The GPSDO can drift in the short term, but over time its drift should be zero (at least compared against the GPS timing standard source). That means differences in the short term will probably be something like heating cycles in the OCXO or adjustment steps of the GPSDO or both, but if you look at it over time, the frequencies read should converge to exactly 10MHz (if your counter is referenced to a GPSDO and your source is a GPSDO). Otherwise, even very good crystals will drift and age, so you should expect to see it fluctuate slightly. The idea of disciplinin the oscillator is to nullify the aging and longer time period drift associated with crystal oscillators.
I don't know if I entirely understand your setup, but if you measure:
your counter alone measuring the GPSDO output, you see some drift in both from normal adjustment operations and then the drift of the undisciplined counter oscillator
your counter referenced to the GPSDO measuring another source, you see some drift in both from normal adjustment operations and then over time you approach an 'absolute' averaged measurement, given GPS time as a reference
This means that if your counter is running on its own timebase and you are measuring the GPSDO's output as being low (and given that it's warmed up and locked), then your counter's oscillator is actually running too fast, so it reads the better GPSDO output as being slightly slow.
In the moment, you will measure some difference, but when referenced to a disciplined source, that randomness can be eliminated when averaged over time.
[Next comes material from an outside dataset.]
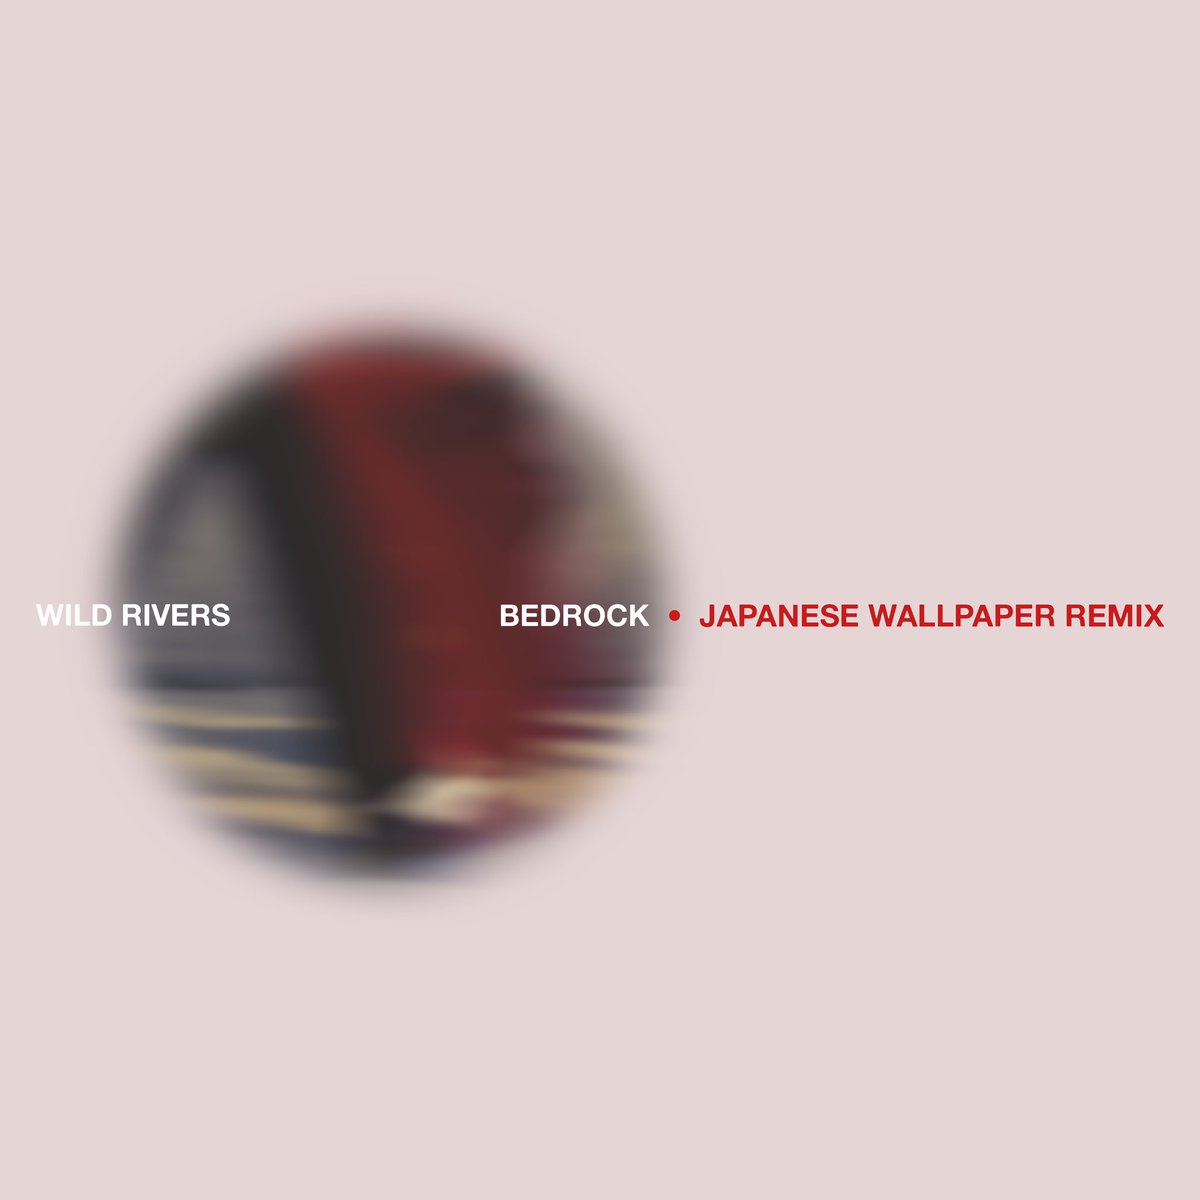 Always very cool and inspiring to hear other artists reimagine our songs. Bedrock (Japanese Wallpaper remix) out Friday.

It also means you never have a moment where you have an aged OCXO just running at a different frequency and messing with your measurements - you'll be seeing primarily the short term stability spec (10^-8 or 10^-9 ballpark) as the noise in your measurement, instead of the 10^-6 or 10^-7 spec including aging and thermal drift and such of an OXCO that is not disciplined.
Of course this can be better with a better oscillator, but the disciplined reference feeding the counter should give you at least a couple more digits of base accuracy than using the internal reference in whatever shape it's in, especially given the age of the counter (it will have drifted from its initial calibration, definitely).